Разумеется, можно найти такие аспекты рассмотрения эволюционного процесса, для которых разница между ламарковским и дарвиновским механизмами будет неважна (например, если нас интересует филогения, то есть происхождение той или иной группы живых существ и ее родственные связи). Но если говорить именно о механизмах эволюции, то, как мне представляется, подобный «обобщающий» подход глубоко порочен, поскольку не позволяет увидеть главное. Дарвиновский естественный отбор — это единственный достоверно известный нам сегодня механизм порождения новых смыслов из хаоса, информационного шума. (Это, разумеется, не означает, что других механизмов нет и быть не может — это означает лишь, что на данный момент они нам неизвестны и мы не знаем даже, существуют ли они.) И вот именно эта принципиальная особенность дарвиновского механизма совершенно выпадает из поля зрения при любой попытке «обобщения» его с ламаркистскими представлениями об эволюции — которые не включают в себя никакого конкретного механизма адаптации.

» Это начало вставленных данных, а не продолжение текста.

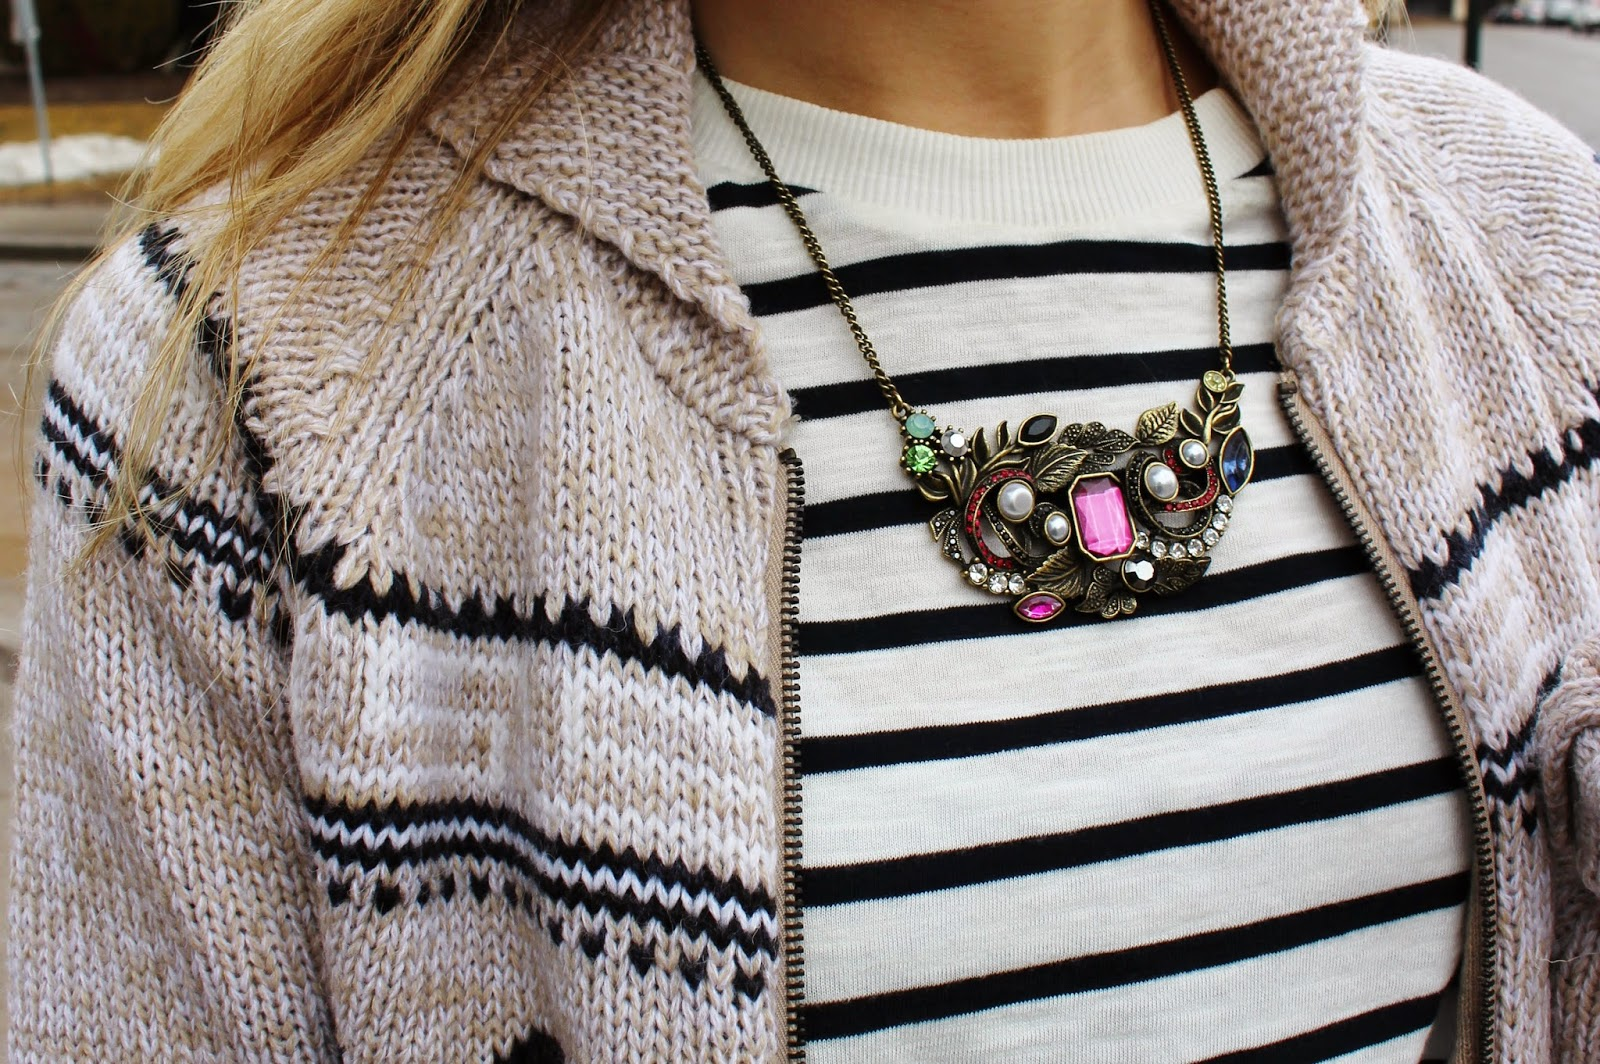 bijuleni,streetstyle,Zara,winter shorts, cardigan, winnersfabfind, stripe,fashion blogger, Calvin Klein, Accessorize, necklace

Собственно, это наглядно демонстрирует внутреннюю (не связанную с соответствием или несоответствием фактам) слабость ламаркизма: даже будучи применен к тем явлениям, которые в него вписываются, он не дает никакого нового знания о них. Но, как говорится, это уже совсем другая история. Мы же и так слишком отвлеклись от темы этой книги. Самое время вернуться к ней — и конкретно к сюжету о соперниках дарвинизма.